Sunday, July 19, 2009

UnsatisfiedLinkError with Surefire (on Mac OS X)

Wow, this was a needle in a hay stack. I recently needed to use LinkGrammar on my Mac OS X, and I wanted to use it via the Java Native Interfaces (JNI). I had been using LinkGrammar on my linux (ubuntu) boxes for some time. So, I was no stranger to compiling it with the java support. I even tested the compilation and install with:


nm /usr/local/lib/liblink-grammar-java.a | grep Java

However, when I was running maven, I received an UnsatisfiedLinkError. After MUCH googling I found:
http://www.nabble.com/Trouble-with-Java-Native-Libraries-td20293666.html

Simply setting the system property in maven for surefire is not sufficient, because maven changes the system property at runtime, which is too late for the VM to link to the library. Thus you need to use the following in your build section of your pom:


          <plugin>
              <groupid>org.apache.maven.plugins</groupid>
              <artifactid>maven-surefire-plugin</artifactid>
              <configuration>
                  <forkmode>once</forkmode>
                  <workingdirectory>target</workingdirectory>
                  <argline>-Djava.library.path=/usr/local/lib</argline>
              </configuration>
           </plugin>

After that, the VM will link to your libraries and surefire and all dependent tests should be able to see the java interfaces and access the necessary libraries.

Thursday, July 16, 2009

Rails Error: no such file to load -- application

I recently deployed an application I was building to production and received the following error:


no such file to load -- application

It turns out that Rails changed the name of the application controller between versions. My production environment was 2.2.2 and my development environment was 2.3.2. Renaming the application_controller file fixed everything.

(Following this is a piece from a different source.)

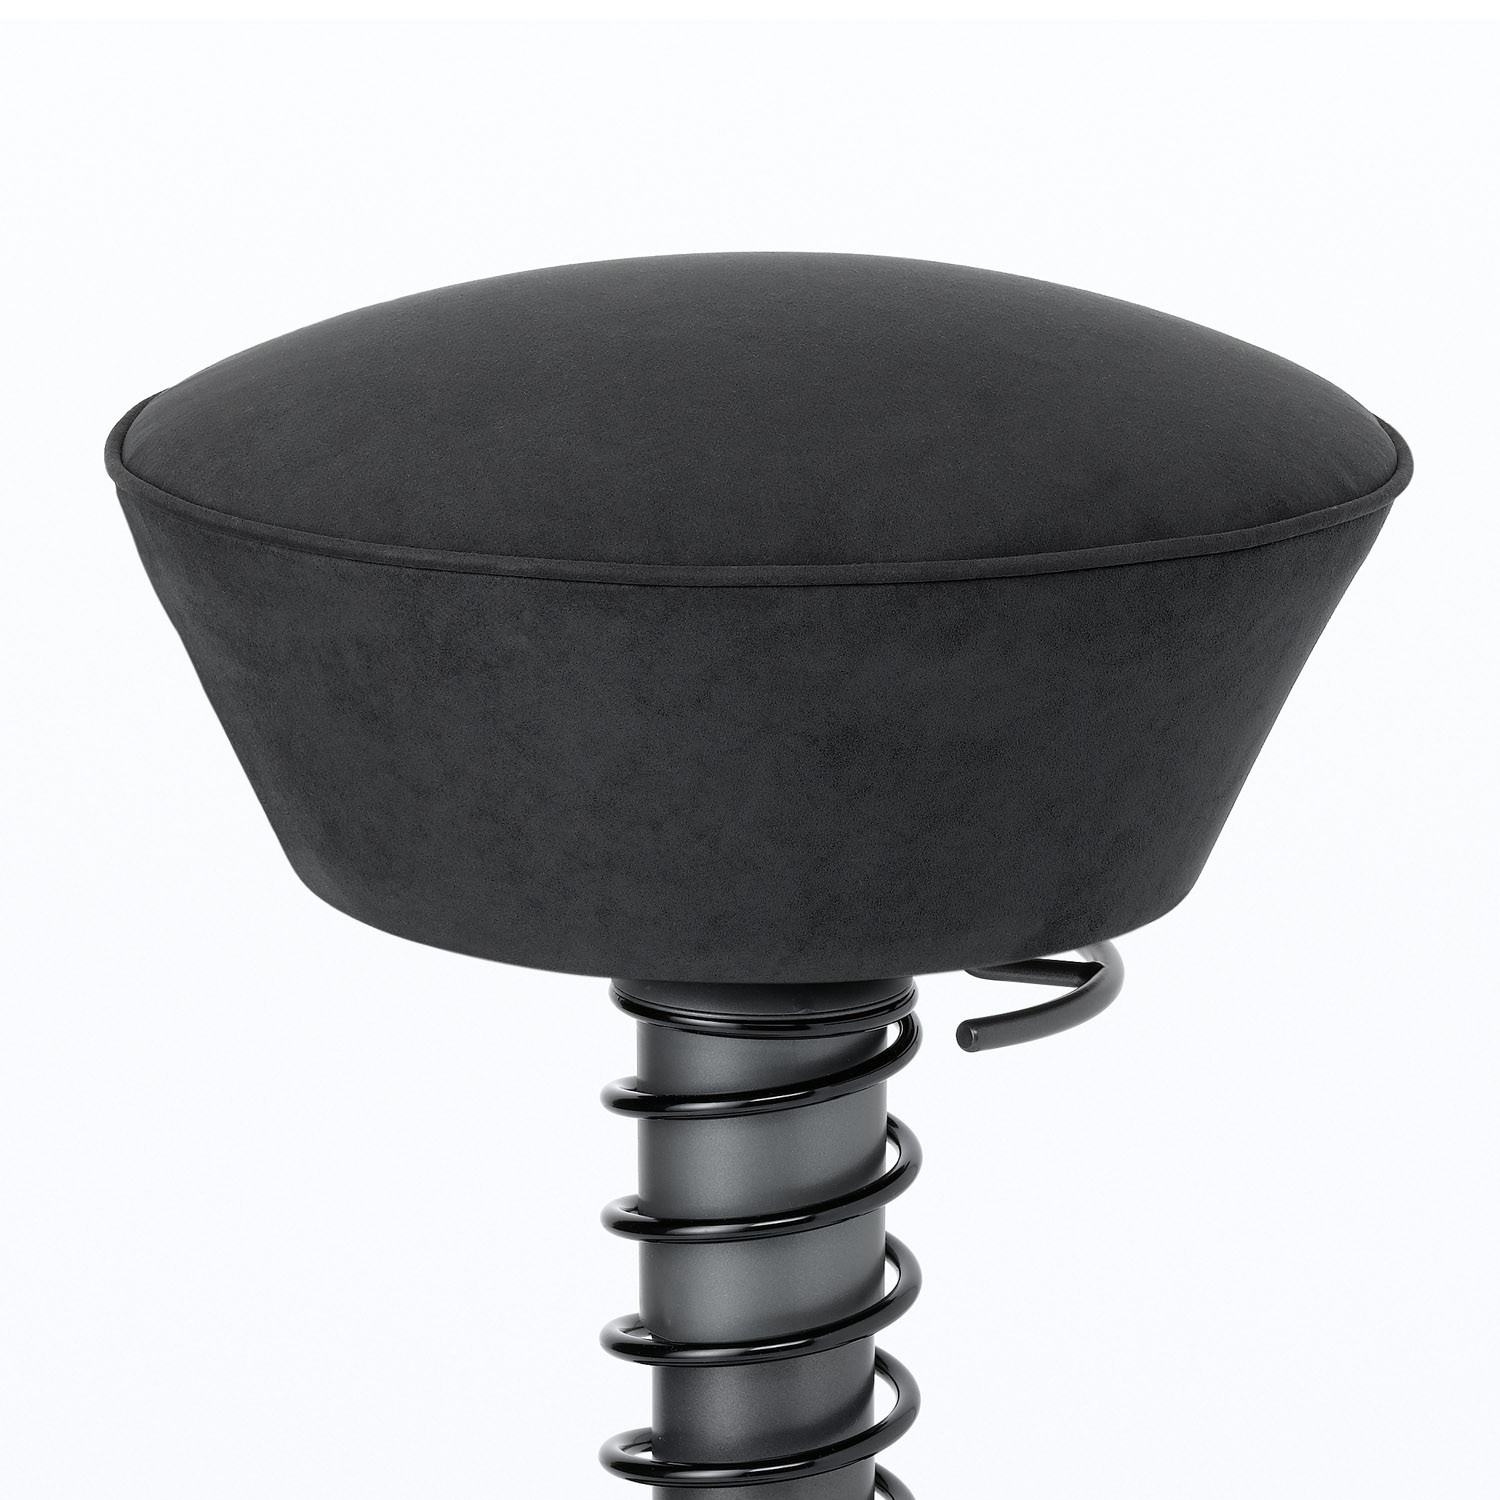 Swopper Standard Seat in black from Aeris

mv app/controllers/application_controller.rb app/controllers/application.rb

Rake Production (Specifying an Environment to Rake)

I always forget how to specify an environment for rake commands. So I thought I would capture it here because, as it turns out, it is a hard thing to google.

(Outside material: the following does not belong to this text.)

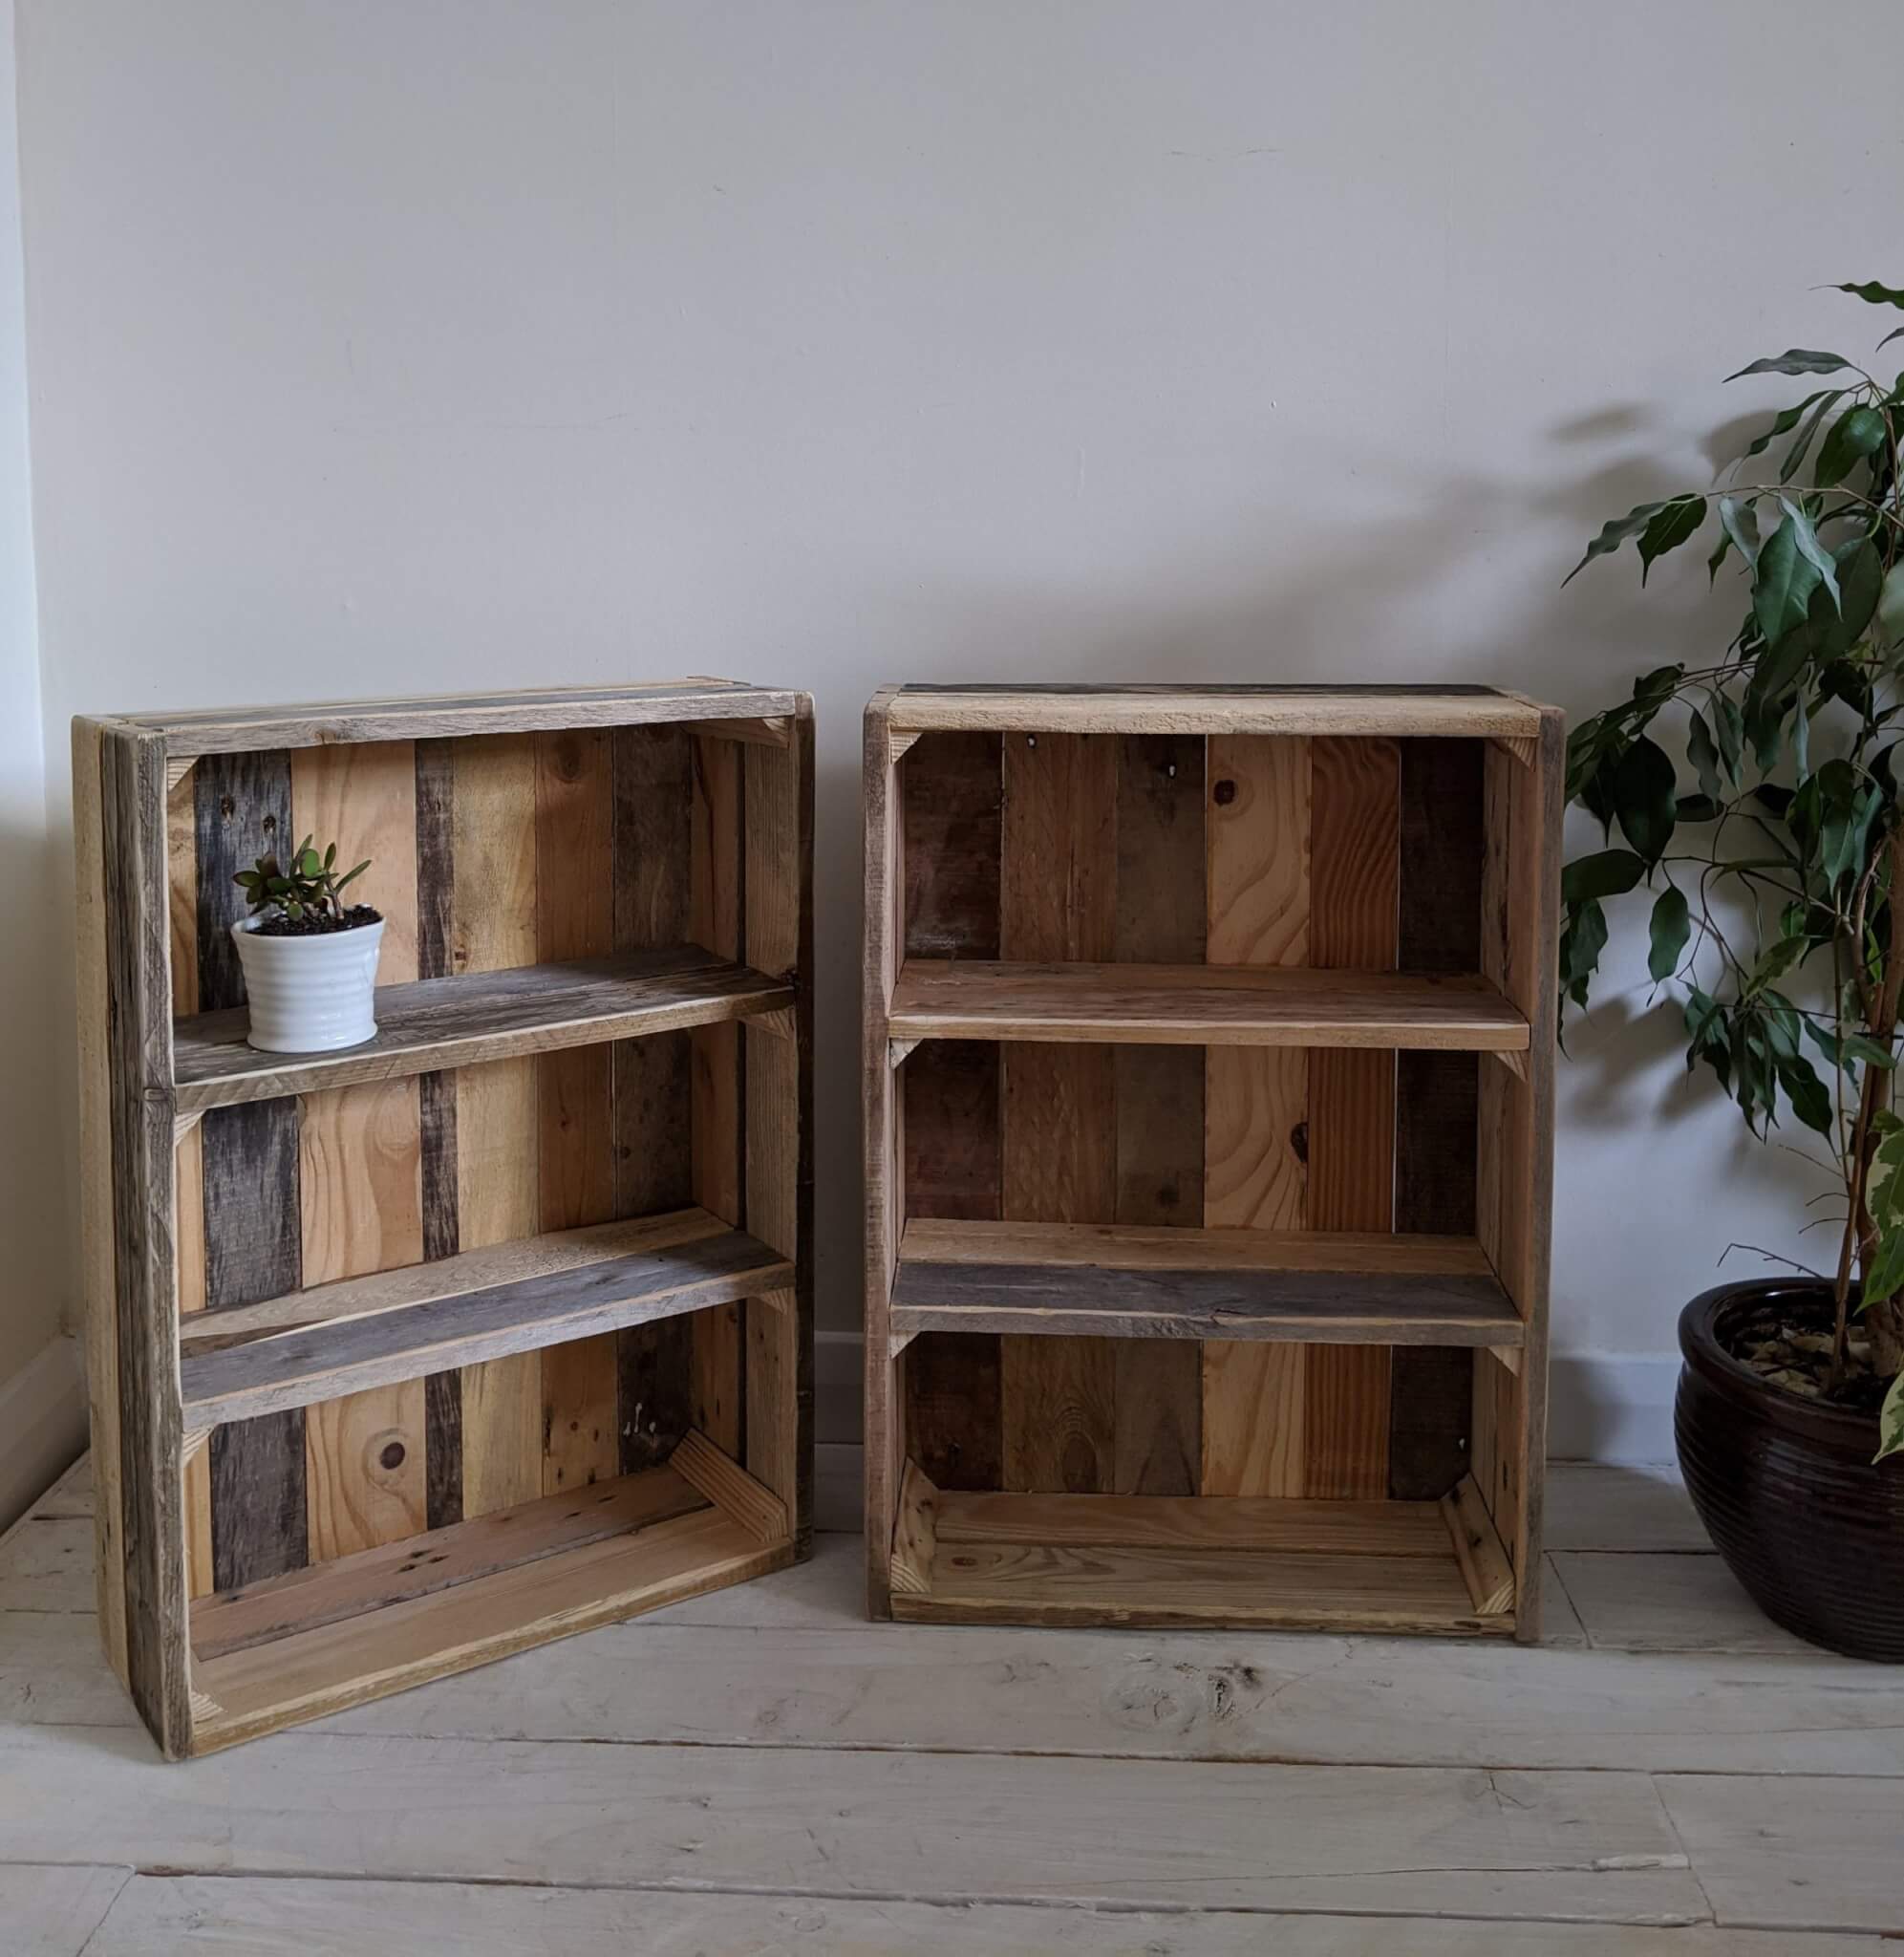 Toscana | Rustic Wooden Storage Unit | Reclaimed Wood • ecomersh.

rake RAILS_ENV=production db:migrate

Exec format error (in cron)

If you are like me, you sometimes get lazy and forget to include the shell command at the top of your scripts. This usually isn't a problem, but in certain cases (where the shell isn't set, or doesn't exist yet) it will cause problems. So, even if your script is set to be executable (chmod +x), you'll receive an error like:


Exec format error

Just such a case manifests itself when using a script through cron (and run-parts). To remedy this problem put the following at the beginning of the script:


#!/bin/sh

That way, the system will know what to use when executing the script.

Wednesday, July 15, 2009

An Elegant Matching Algorithm In Ruby

Recently, I wanted to sit down a learn ruby (independent of rails), so I grabbed a fairly standard hacking problem and went to town on it. I now love ruby more than ever.

The Problem:
Given a set of people and a set of jobs, where each person may take a different amount of time to do each job, optimally match people to jobs (1:1) to minimize the amount of time it will take to complete all jobs.

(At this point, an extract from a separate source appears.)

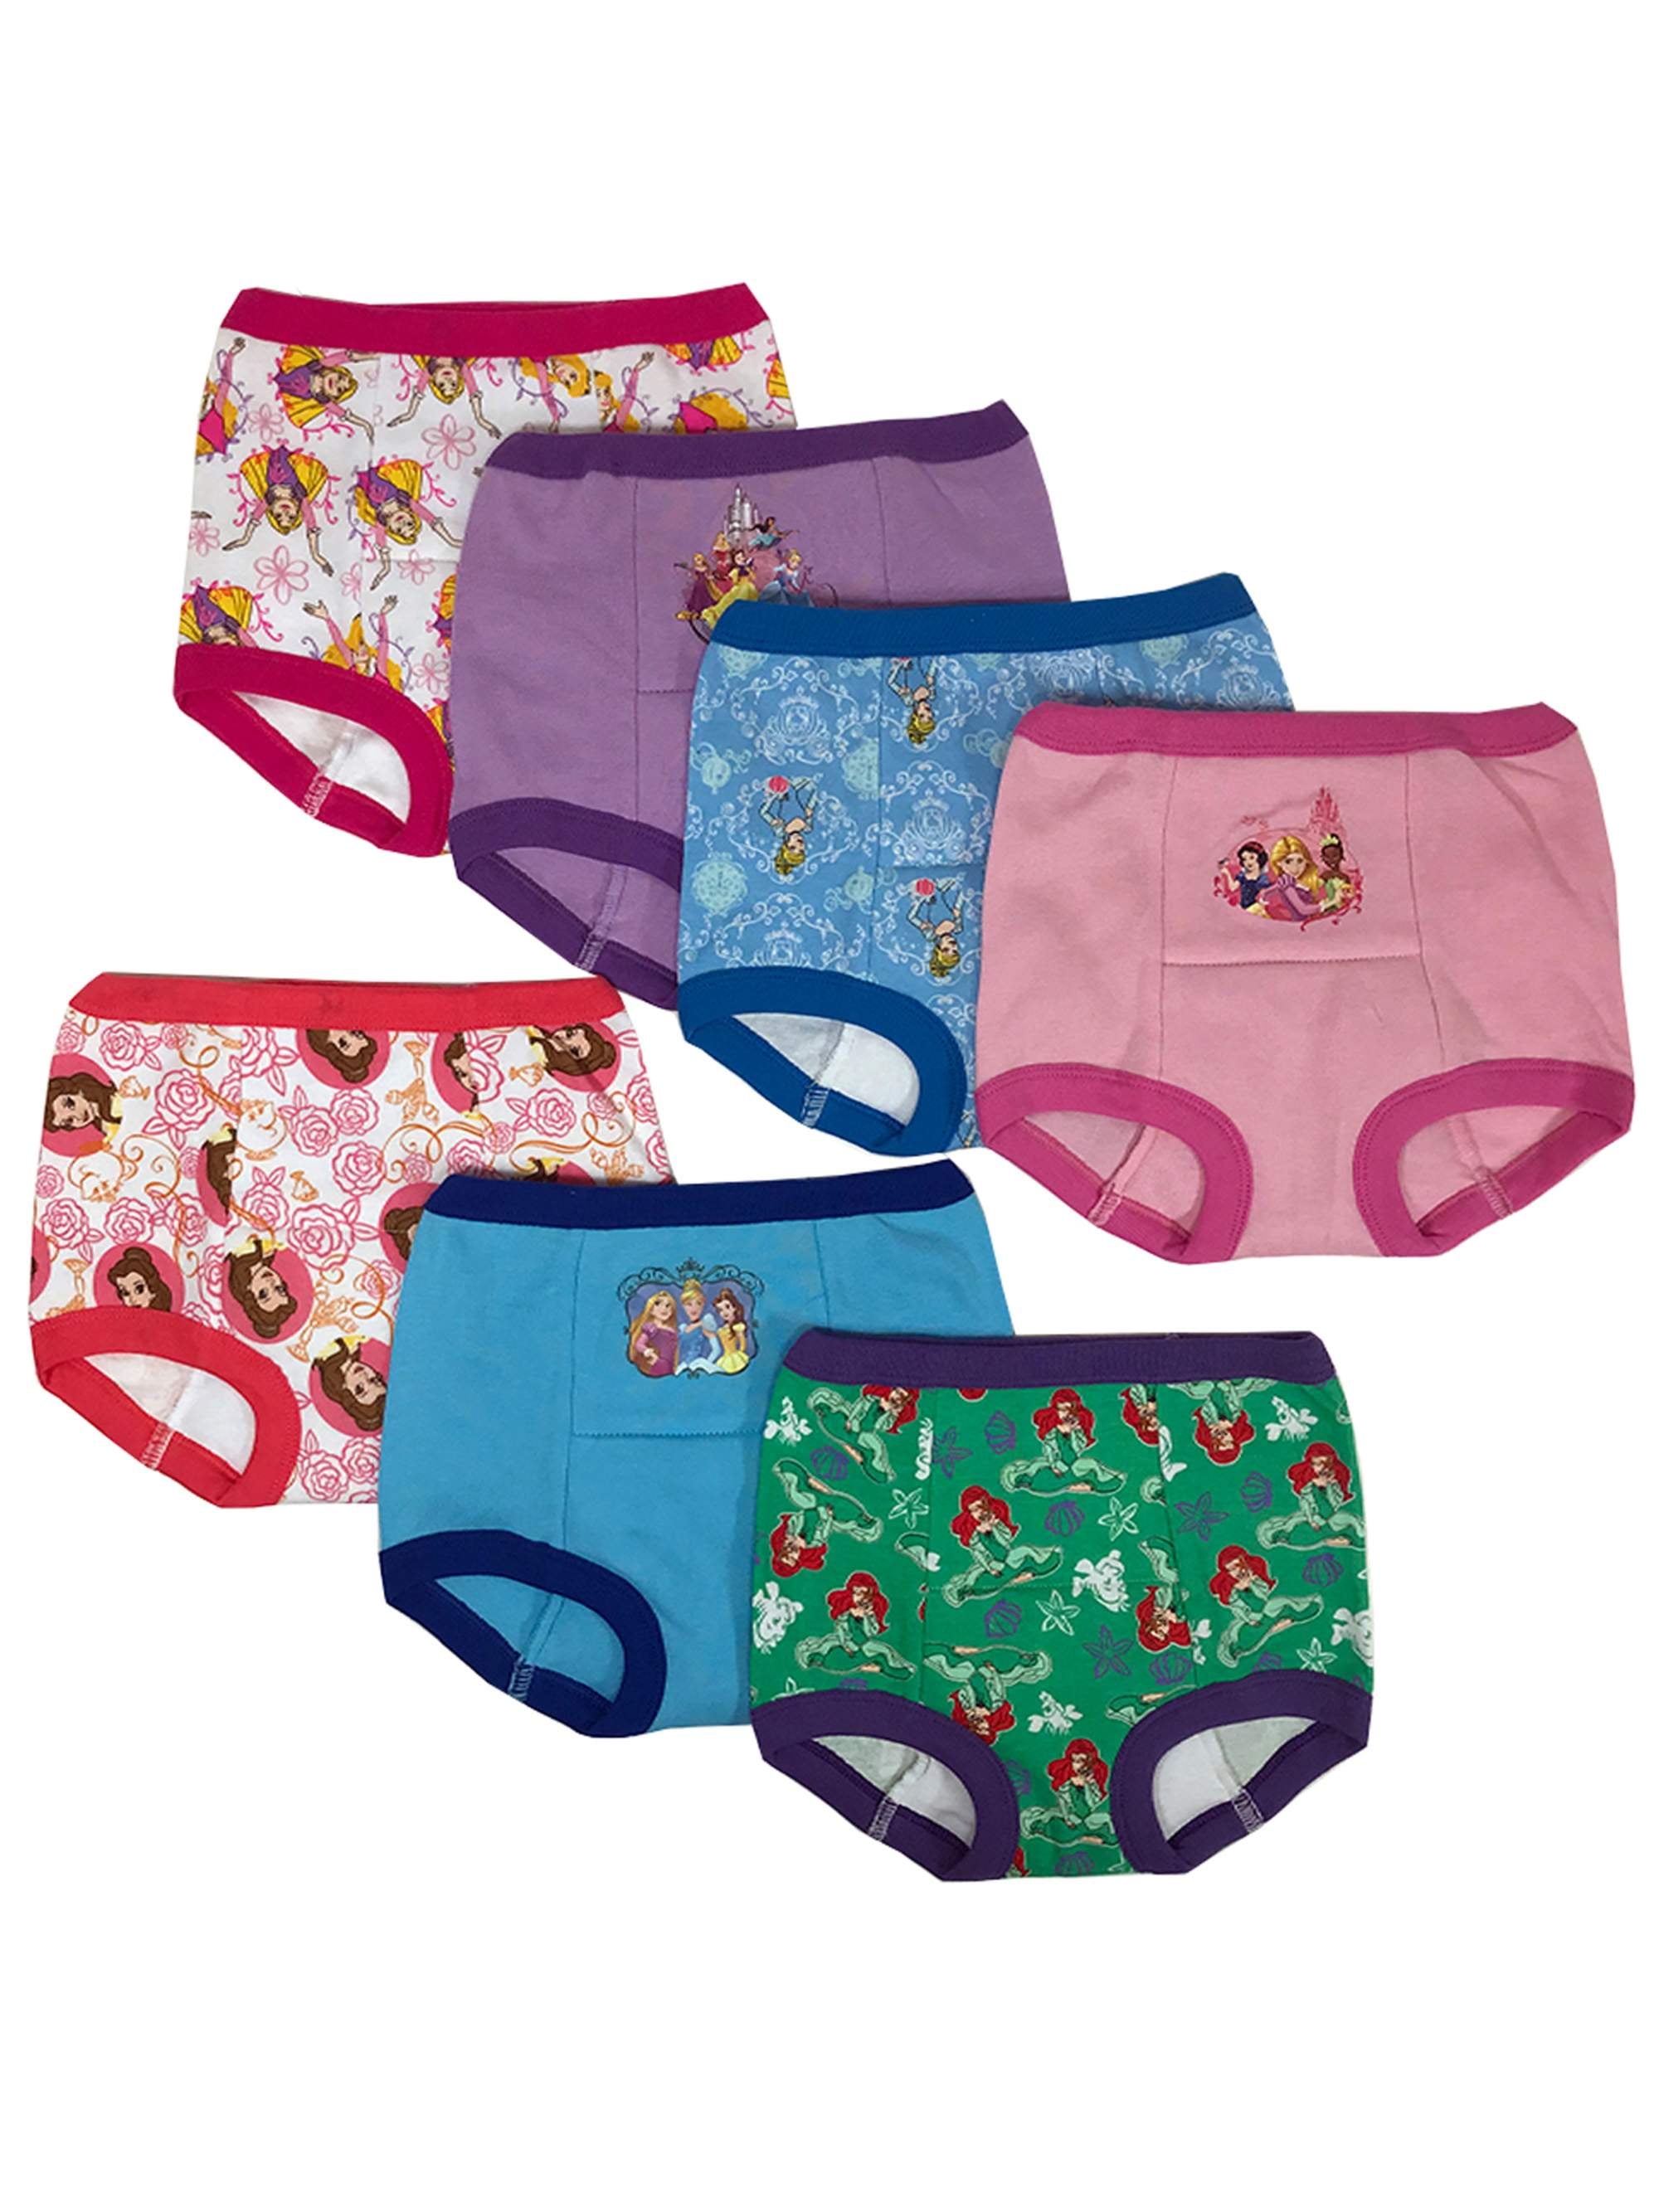 Disney Princess Toddler Girl Training Underwear, 7-Pack, Sizes 2T-5T

Many people will recognize this as a standard matching problem for which the Hungarian Algorithm is a known solution. But for those that have implemented the Hungarian Algorithm (or seen implementations of it), you know well enough to steer clear. It is error prone, and a very specific algorithm. So, I sought to implement a more elegant (and generally applicable) solution using graphs.

I found this article over on topcoder describing max-flow algorithms and the beauty of such. I fell in love and decided that I needed to solve this with max-flow.

The formulation:
Lets convert our problem to a bipartite graph. Let one set of nodes be the people, and the other set of nodes be the jobs. Create an edge from each person to each job, with a weight (NOT capacity!) equal to the time it will take that person to do that job.

In our situation, the capacity for each line is one since only one person can do a job. Flow is ofcourse initialized to zero for each edge (no one is doing any of the jobs). Lastly, we connect every job to a SINK node in the graph.

The philosophy and algorithm: (the important part)
Essentially, we'll be finding shortest paths in the graph, from each person to the SINK (via jobs) iterating through each of the people. On each iteration, we augment the graph with the path.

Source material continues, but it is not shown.